During the whole experimental procedure, the environmental conditions were kept stable (i.e. temperature: 22 °C, humidity: 50–60%).

Tumor segmentation and optical co-registration

Tumor boundary were defined by the neurosurgeon on the visible image of the exposed cortex on the basis of the projection of the tumor area on the brain surface, relying on the MRI of the patient.

To project the tumor area on the thermal imagery, a co-registration approach between the visible and thermal imagery was performed using the Control Point Selection Tool of Matlab 2021b. Corresponding couples of points between the two images of the exposed cortex were selected and then used to find the optimal affine geometrical transformation between the two images, thus allowing to transfer the boundary of the tumor region from visible imaging to IR imaging (Fig. 2a and b).

Fig. 2
figure 2

Pipeline of the processing approach developed in the present study. The optical co-registration between visible and thermal imaging is necessary to have an indication of the boundary of the cancer area on IRI. Then, TD and FD fetaures are extracted for the only BL and BL + REC phases. Last, supervised machine learning approaches are developed to classify healthy tissue from cancer areas, for each patient

Thermal features extraction

Thermal signals from each pixel were analyzed through both time domain (TD) and frequency domain (FD) approaches.

Concerning the TD analysis, the following features were computed:

  • Coefficients of the exponential fit (a, b, c): the thermal signal associated to the recovery phase was modelled through an exponential fit, and the coefficients of the model were considered as indicative of the thermal behavior. Figure 1d shows a typical thermal signal behavior during the recovery after cold stress (highlighted in orange in the graphic). Specifically, the equation of the exponential fitting function is reported in Eq. 1:

    $$y=a\bullet \left(1-{e}^{bx}\right)+c$$
    (1)
  • where, a represents the difference between the temperature at the end and at the beginning of the recovery phase (i.e. the ideal asymptotic value after the thermal recovery), b is the inverse of the time constant (τ), and c is the initial value of the temperature, after the cold saline injection.
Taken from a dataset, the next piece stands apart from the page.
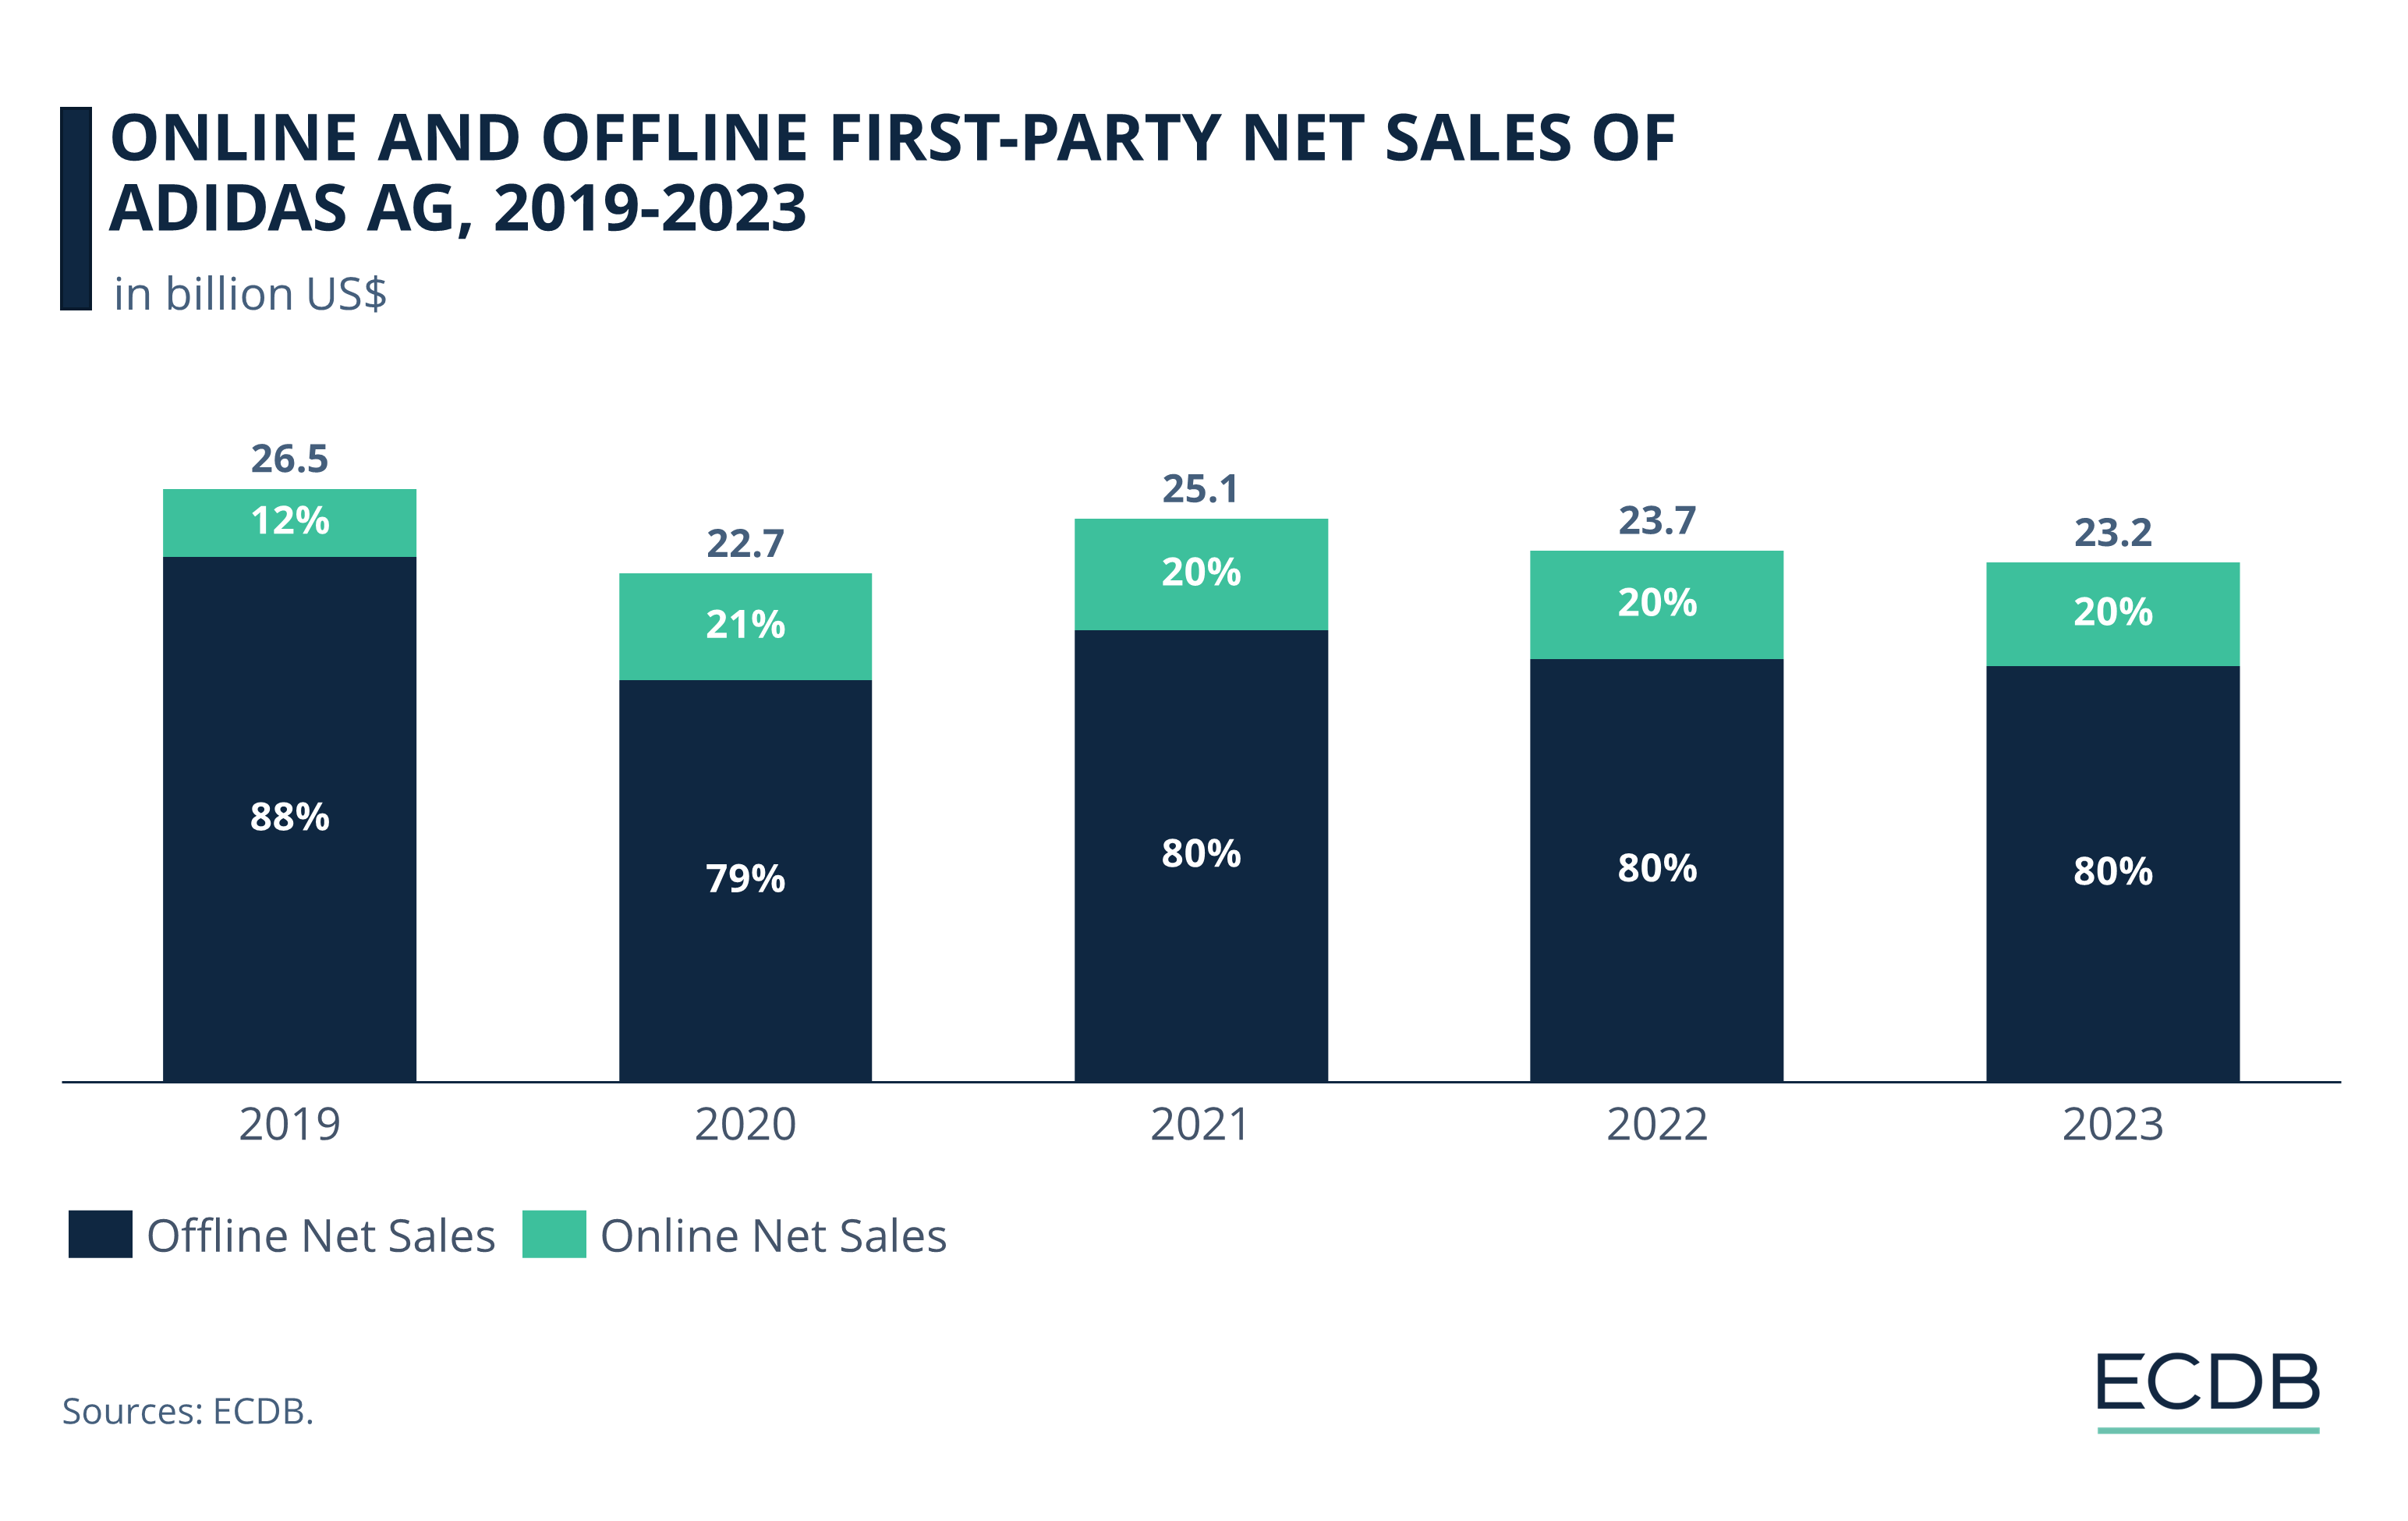 Online and Offline First-Party Net Sales of Adidas AG, 2019-2023

For each pixel, the fit has been considered only if the goodness of fit (R) is higher than 0.8, otherwise the exponential fit has been discarded for the specific pixel.

  • Temperature Variation (Δ): difference between the average value of the signal in the first 10 s and in the last 10 s of the whole experimental procedure.

  • Initial Temperature (TINI): average value of the signal 30 s before the cold stress.

  • Standard Deviation (STDBL, STDBLREC): standard deviation of the raw thermal signals evaluated in the baseline and recovery phases, respectively.

  • Kurtosis (KBL, KREC): kurtosis of the raw thermal signals evaluated in the baseline and recovery phases, respectively.

  • Skewness (SKBL, SKREC): skewness of the raw thermal signals evaluated in the baseline and recovery phases, respectively.

  • 90th percentile (90th PercBL, 90th PercREC): 90th percentile of the raw thermal signals evaluated in the baseline and recovery phases, respectively.

  • Sample Entropy in the baseline and recovery phases (SampEnBL, SampEnREC): it is defined as the negative natural logarithm of the conditional probability U that signal subseries of length m (pattern length) that match pointwise within a tolerance r (similarity factor) also match at the m + 1 point (Eq. 2) [30].

    $$\mathrm{SampEn}\left(\mathrm{m},\mathrm{r},\mathrm{N}\right)=-\mathrm{ln}\left[\frac{{\mathrm{U}}^{\mathrm{m}+1}(\mathrm{r})}{{\mathrm{U}}^{\mathrm{m}}(\mathrm{r})}\right]$$
    (2)
  • In this study, m=2 and r=0.2·SD (SD is the Standard Deviation of the signal) where chosen [31].

Concerning the frequency-domain (FD) analysis, the wavelet coherence (WCOH) between the average temperature time course of a randomized portion of pixels extracted from the tumor area and the temperature signals of each pixel of the thermal video was computed. WCOH is a measure of the correlation between two signals in the time–frequency plane. In this particular case, WCOH was considered for 60 frequency bands, in the range [0.015,2] Hz.

In detail, for each pixel a set of 60 values of WCOH were available, indicated as WCOHfBL and WCOHfREC, evaluated in the baseline and recovery phases, respectively.

The average over-time of the amplitude of the WCOH for each frequency band was considered as indicative of the thermal functioning of each pixel.

Definitively, both the TD and FD analysis were performed considering only the baseline and the whole time course (BL + REC) (Fig. 2).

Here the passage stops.